My pet project: Habit.am
Habit is a wordless journaling app. It has some paid users but it's still in the side-project category for me. My goal is to tweak it until it creates so much value people share it out organically. That isn't happening yet, so it's a great place to be, with a lot of potential for learning. It's a challenging/tricky market, but it's been a labor of love. Can I take this thing, journaling, and make it easy to be consistent with? It's an interesting challenge so it's always pushing me to think in new ways.
The current version is a tool I use myself for emotional regulation. It guides you through a short check-in (like a quiz) about how you're feeling and why, digging deep for 7 questions, and at the end you get an AI-generated insight. It's cute, it's light, and on hard days, it's a lifesaver.

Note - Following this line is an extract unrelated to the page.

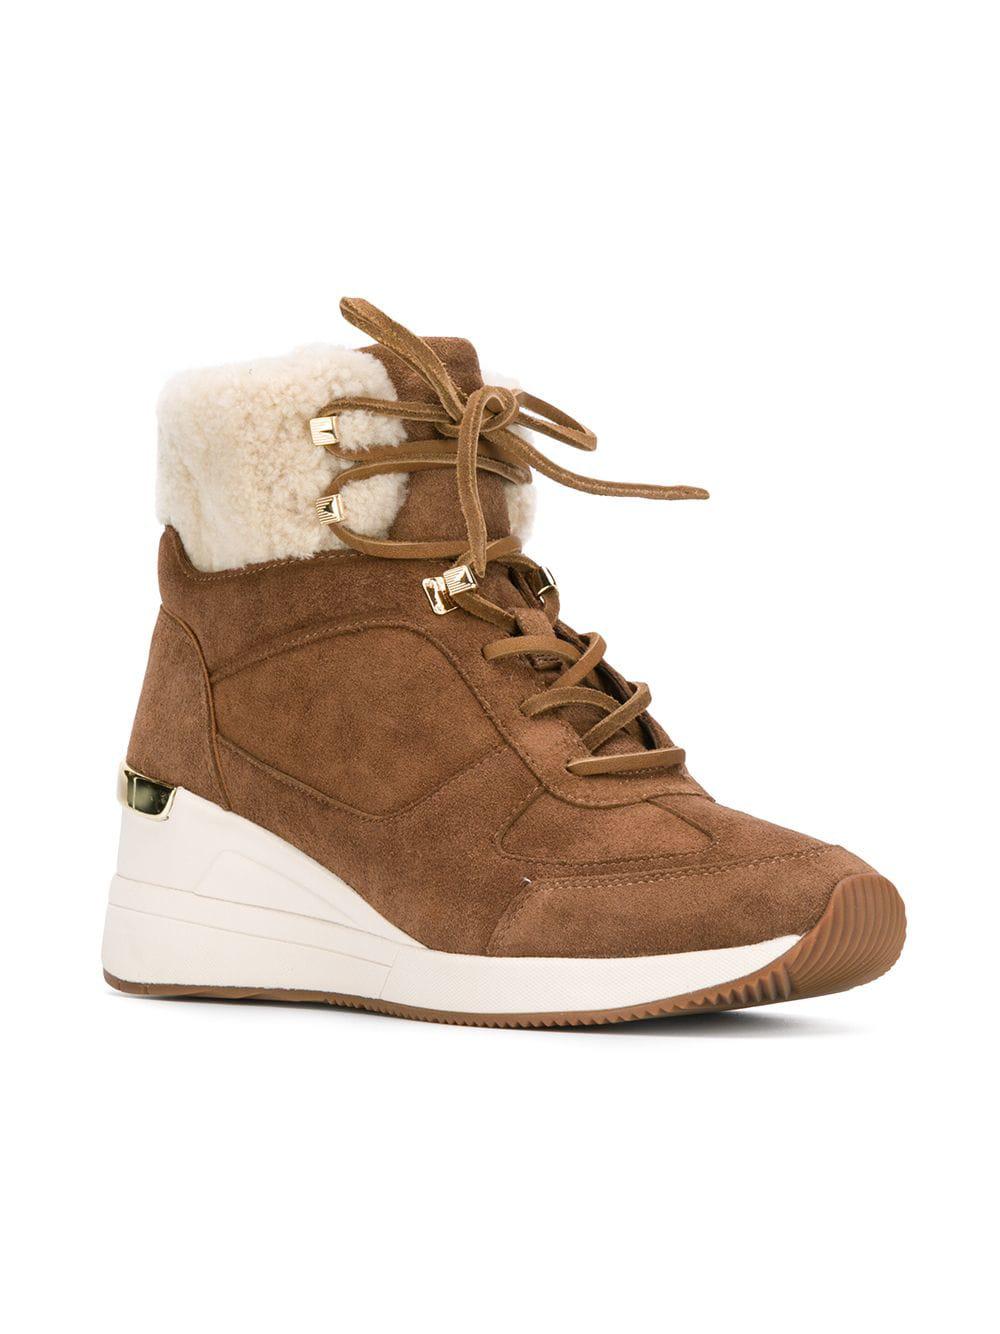 MICHAEL Michael Kors Suede Shearling Trim Ankle Boots in Brown - Lyst

The quiz starts by selecting a random question from a pre-generated set I created. Some ask you how you're feeling, some give you a list of emotions to pick from, and some ask you to think about your "battery level."
I decided to talk with my codebase about these questions because we've gone through several iterations.
My first prompt was very instructive, but I knew I was just thinking about this, so I stuck to "Ask mode." Ask helps you understand the context and sometimes it helps me organize my own thoughts before giving clear instructions.
[Ask Mode] I want to revert the "initial" questions to what they were before. they were better.
My AI buddy went through my git history and found a set of previous questions we used. But they weren't the ones I liked.
[Ask Mode] no i think the good questions were even further back
It found the ones I liked, but it found a bunch more. I realized that I wasn't really sure which ones were the best. I had a gut feeling from using my own product. I thought, "well, which ones were so good that people finished the experience?" If they are picked at random, and they are equal in quality, we should have an even distribution (but I bet we don't.) I knew personally I was more likely to complete a check-in if an easy-to-answer question was first.
[Ask Mode] can you look at the checkin data in firebase and figure out which of these initial questions led to more completed checkins historically?
I then gave it some guidance about my Database, and how some of the older data had been moved to a collection I renamed with _old at the end. So we talked a bit until the script was good. Then we proceeded:
[Agent Mode] write that node script to run the analysis

The result showed something I suspected: the easy "How are you feeling?" question was more likely to not have drop offs. I went back and forth with my AI Buddy to make sure the data sourcing was correct, doing some sense-checking on the data, returning it in different formats (count instead of percent) and poking holes to make sure it meant what I thought it meant. I also filtered the data by when only the original 5 questions were available (and connected it to a particular commit/deployment), and we saw that How are you feeling outperformed the 2nd best question by 3x.
The next step was clear:
[Agent Mode] Lets make the initial question always this one:
"How are you?" (old starter from the pre-refactor journal) used a fixed list of phrases, e.g.:
"Doing well", "Feeling really good", "Feeling okay", "Neutral", "Numb", "Calm", "Hanging in there", "Feeling mixed", "Feeling some intense feelings", "Having a tough time", "Overwhelmed", "Feeling incredible", "Not sure", "Something else".
let's remove "something else" as an option and add a few more options if they request them.
Then I had to review, test, tweak, make sure the additional options sounded good and the list was comprehensive. The big win today wasn't that it wrote the code to change the initial question, it was that together we were able to look at how the app was wired (historically) and how it performed in regard to this specific feature during different versions.

Another day, another small improvement, and a big insight I got from just speaking with my codebase. The workflow win isn't even that the AI wrote the analysis script for me (as well as 12 additional ones I requested to sense-check the data) but that I didn't have to context switch between thinking about which question performed best and writing a script, looking at the database, looking at the dates on my git commits. It was able to translate all these things that are dated into a coherent timeline and the data alongside it.